_EXERCISE DIRECTIONS_
Go to the line holding "How to Claim 60 Dollars Bonus" in the entries below and write out exactly every line down to and including the line holding "Milky Dress 1".

_DATASET RECORDS_
+ + + + + + +

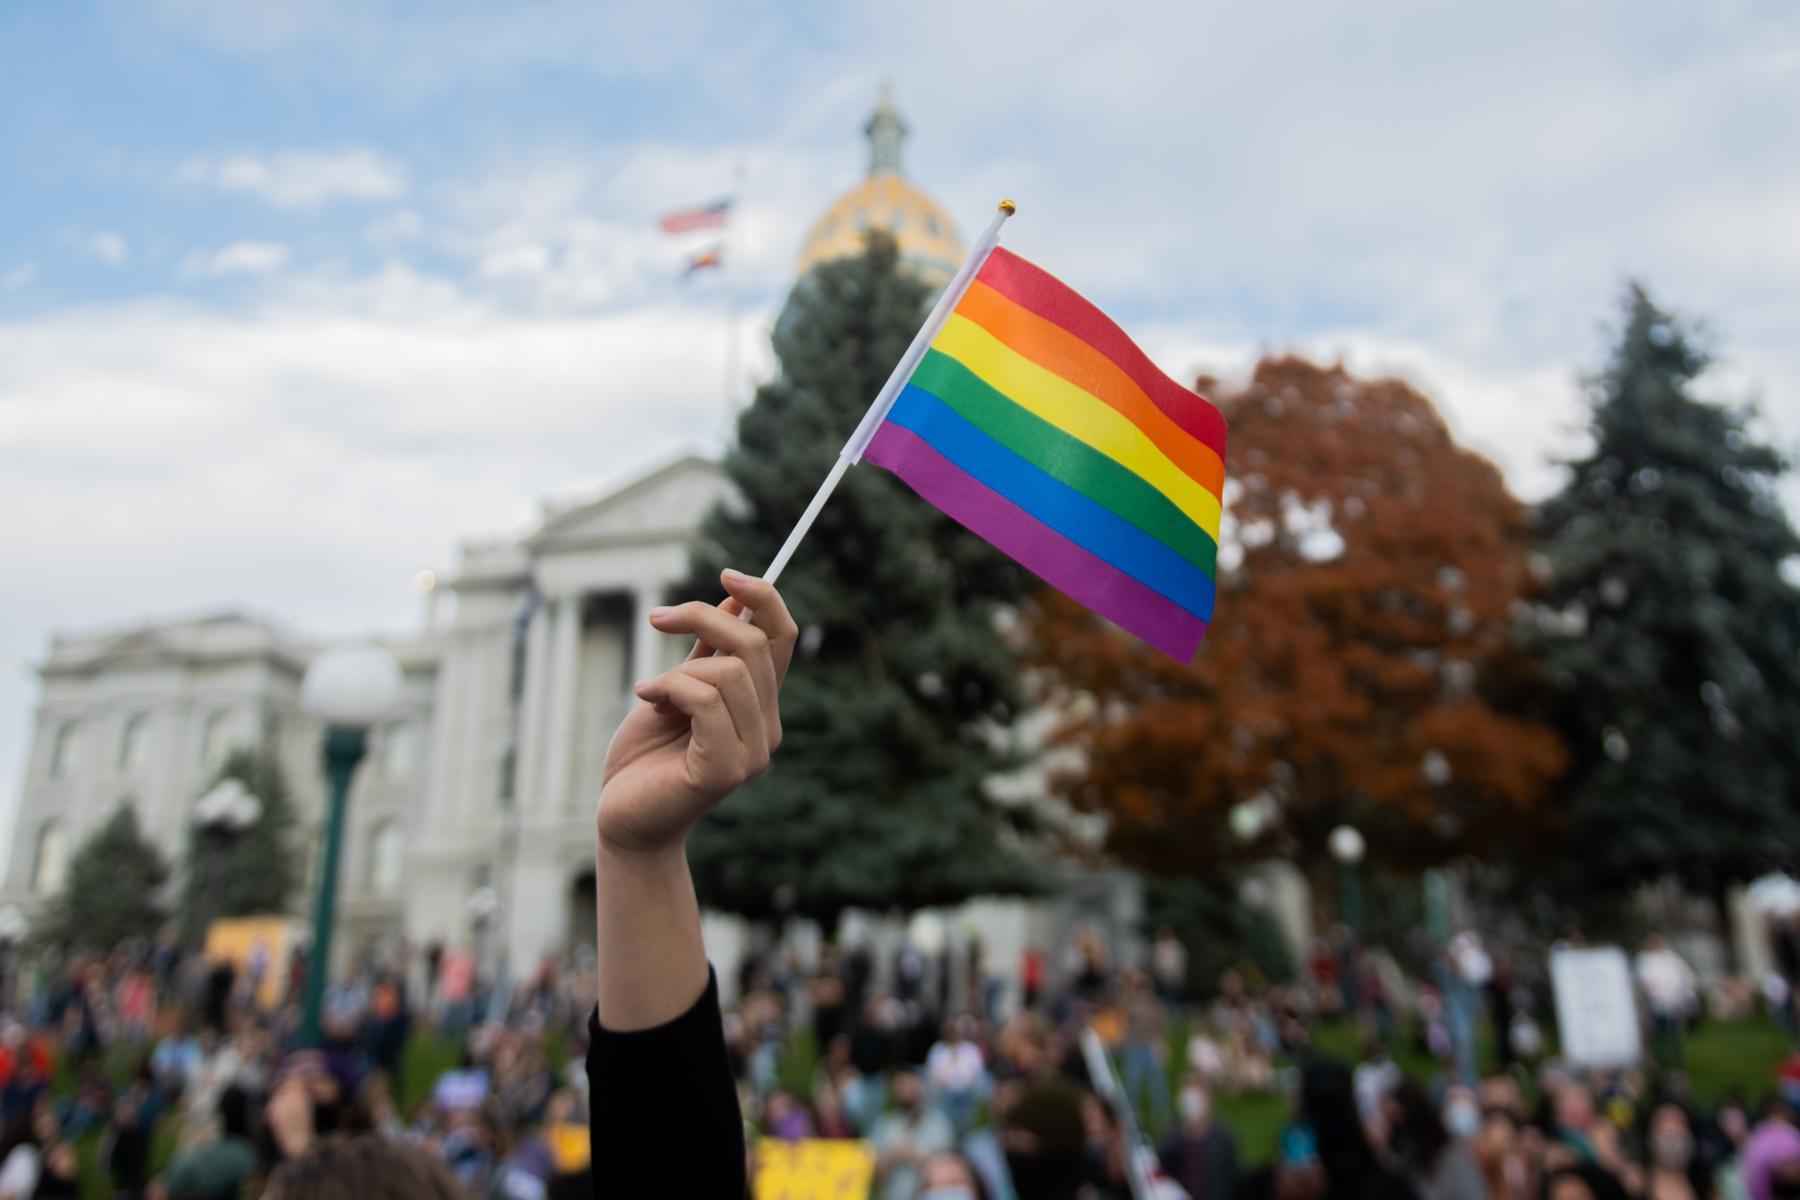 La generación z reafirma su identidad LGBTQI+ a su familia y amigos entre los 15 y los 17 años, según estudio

+ + + + + + +

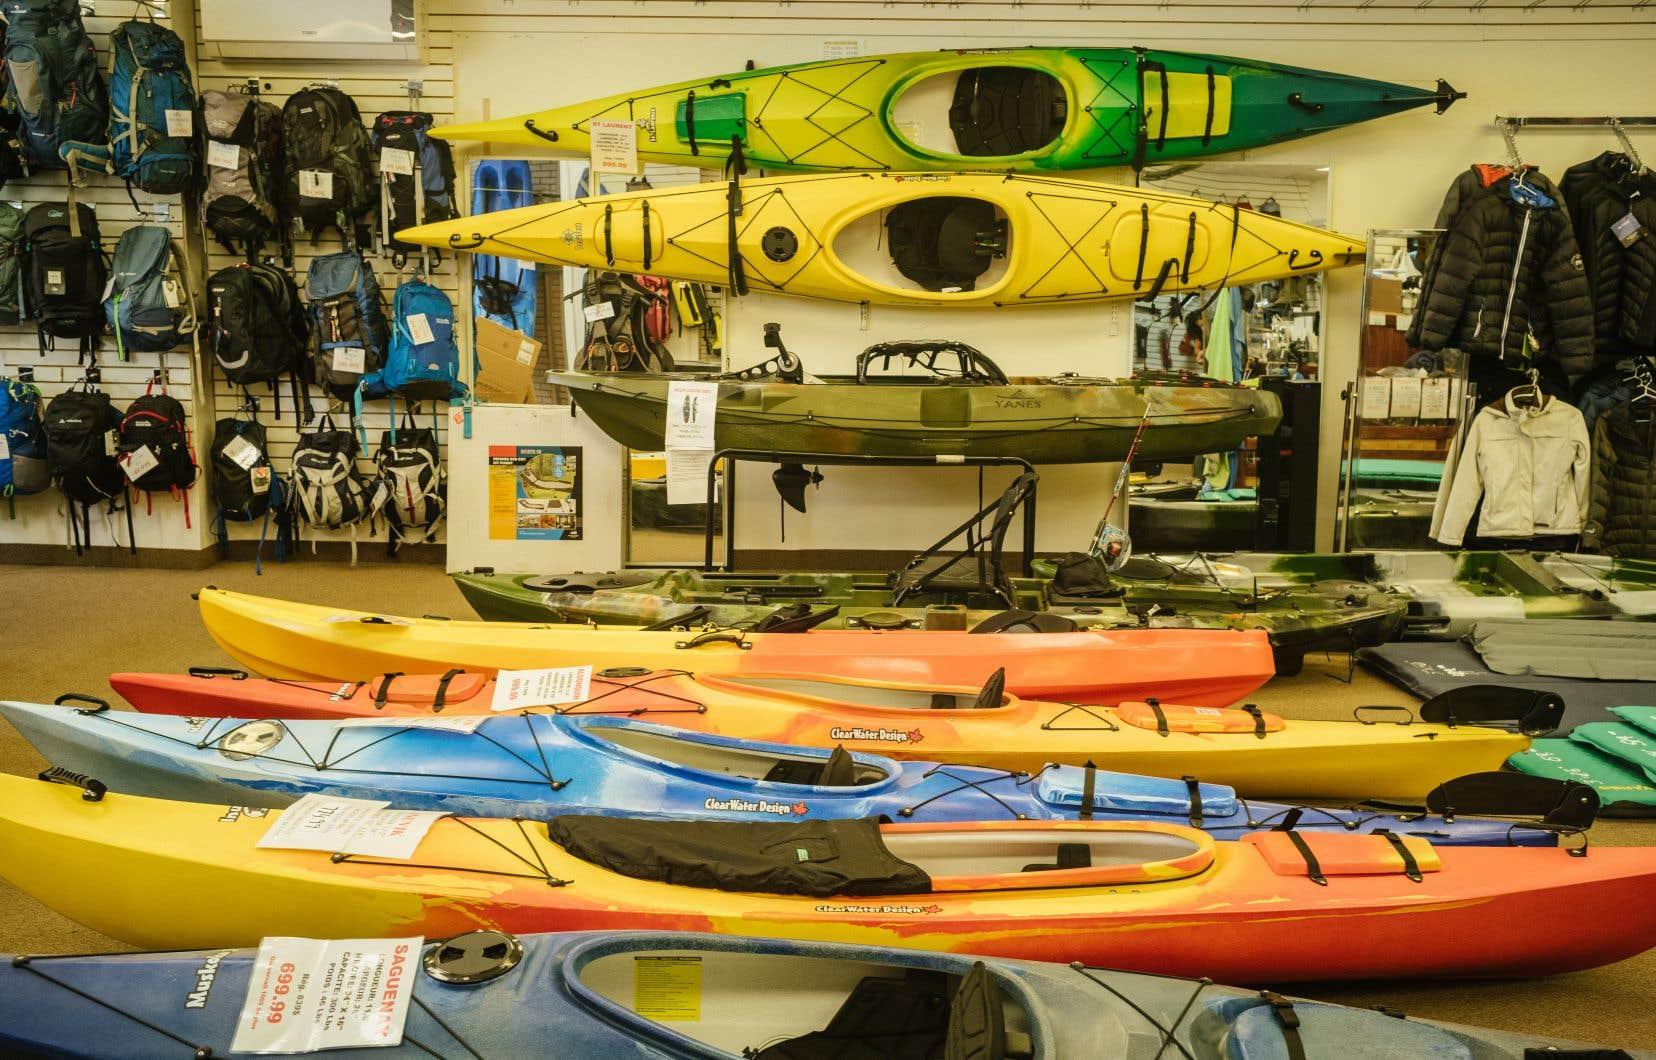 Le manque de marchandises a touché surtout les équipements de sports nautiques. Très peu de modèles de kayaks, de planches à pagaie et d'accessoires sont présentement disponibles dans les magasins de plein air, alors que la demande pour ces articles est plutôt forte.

+ + + + + + +

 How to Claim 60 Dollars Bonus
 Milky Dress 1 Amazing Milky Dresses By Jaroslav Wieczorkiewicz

+ + + + + + +

_RESULT FOR THIS TASK_
 How to Claim 60 Dollars Bonus
 Milky Dress 1 Amazing Milky Dresses By Jaroslav Wieczorkiewicz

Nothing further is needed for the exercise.